Given an n-ary tree with the following structure:

``````public partial class Node<T>
{
public T value
public Node<T> parent { get; set; }
public Node<T>[] children { get; }

// Root element has null parent
public Node(int dimensions)
{
this.parent = null;
this.children = new Node<T>[dimensions];
}

public Node(Node<T> parent, int dimensions)
{
this.parent = parent;
this.children = new Node<T>[dimensions];
}
}

public partial class NAryTree<T> where T : IComparable
{
public int dimensions { get; }
private Node<T> root { get; set; }

public NAryTree(int dimensions)
{
this.dimensions = dimensions;
this.root = null;
}
}
``````

Then one can treat inversion of the tree as a property of how one navigates the `children` array of each `Node<T>` (which is treated like a loop), and formulate the tree operations to account for the rotation in use. Only two properties need to be added:

• `offset`, with 0 being the default, and
• `direction`, represented as ±1.

These two properties can be combined into one property as a signed integer, or kept separate.

For example, iterating through a `children` array would look like:

``````		for (int i = 0; i < dimensions; i++)
{
int index = (offset + direction * i) % dimensions;
if (node.children[index] != null)
{
DoSomething(node.children[index]);
}
}
``````

(Note: I'm assuming `%` works as expected. Vary as necessary.)

Because only these two properties need to change, inversions of such n-ary trees are O(1).

Now why is this in "Coding Help"? Because I want to know if is right or if I'm missing something. All the solutions I've seen on a quick Google search do the "switch every `Node<T>`'s children around" approach.

• Because I want to know if is right or if I'm missing something.

Why are you exposing the list of children as an array?
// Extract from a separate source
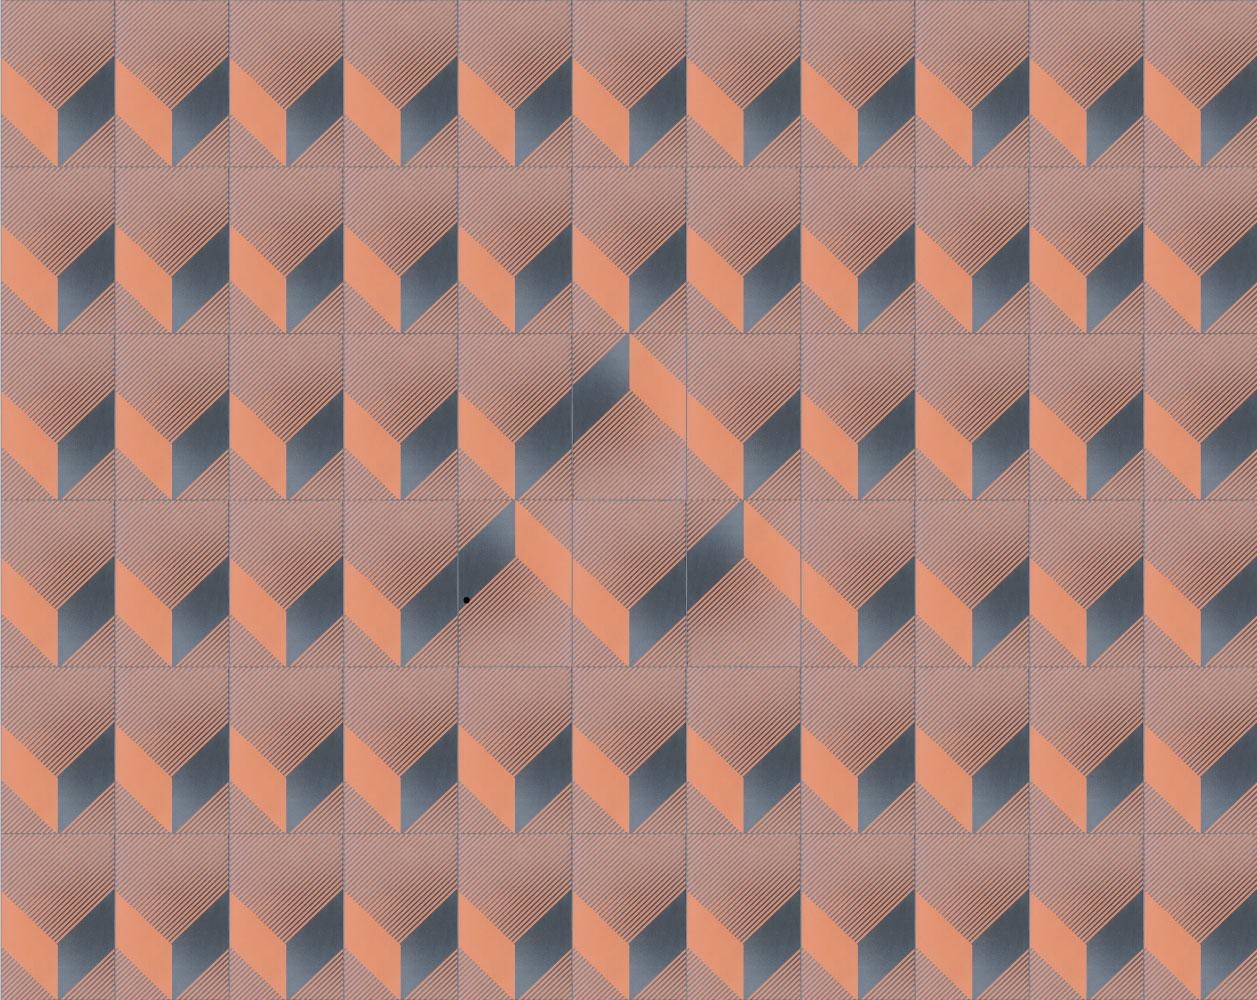 geometrico_mur01_2leg

If you just exposed a way to iterate over them, you would be able to lock the complexity away inside.

• Because I want to know if is right or if I'm missing something.

Why are you exposing the list of children as an array? If you just exposed a way to iterate over them, you would be able to lock the complexity away inside.

Laziness, more-or-less. In this model, the nodes aren't (supposed) to be publicly accessible (despite the access modifier) and instead only worked with through the Tree class. I probably should have made them an inner class of the Tree given that, I guess.

• Thinking about it, any arbitrary reordering of the axes ought to be O(n) where n is the number of dimensions:

``````public partial class NAryTree<T> where T : IComparable
{
class Node
{
public T value
public Node parent { get; set; }
public Node[] children { get; }

// Root element has null parent
public Node(int dimensions)
{
this.parent = null;
this.children = new Node[dimensions];
}

public Node(Node parent, int dimensions)
{
this.parent = parent;
this.children = new Node[dimensions];
}
}

public int dimensions { get; }
private Node root { get; set; }
private int[] ordering { get; set; }

public NAryTree(int dimensions)
{
this.dimensions = dimensions;
this.root = null;
this.ordering = new int[dimensions];
for (int i = 0; i < dimensions; i++)
{
ordering[i] = i;
}
}

private void PrintChildren(Node node)
{
foreach (var index in ordering)
{
PrintNode(node.children[index]);
}
}

private void PrintNode(Node node)
{
Console.WriteLine(node.value);
}
}
``````

(I'm assuming insertion and balancing and other similar operations where the user of the tree doesn't see evidence of the ordering don't bother with the reordered index - they just treat it like normal. Rotations/Inversions are just views on the tree - they shouldn't affect the internal structure of it.)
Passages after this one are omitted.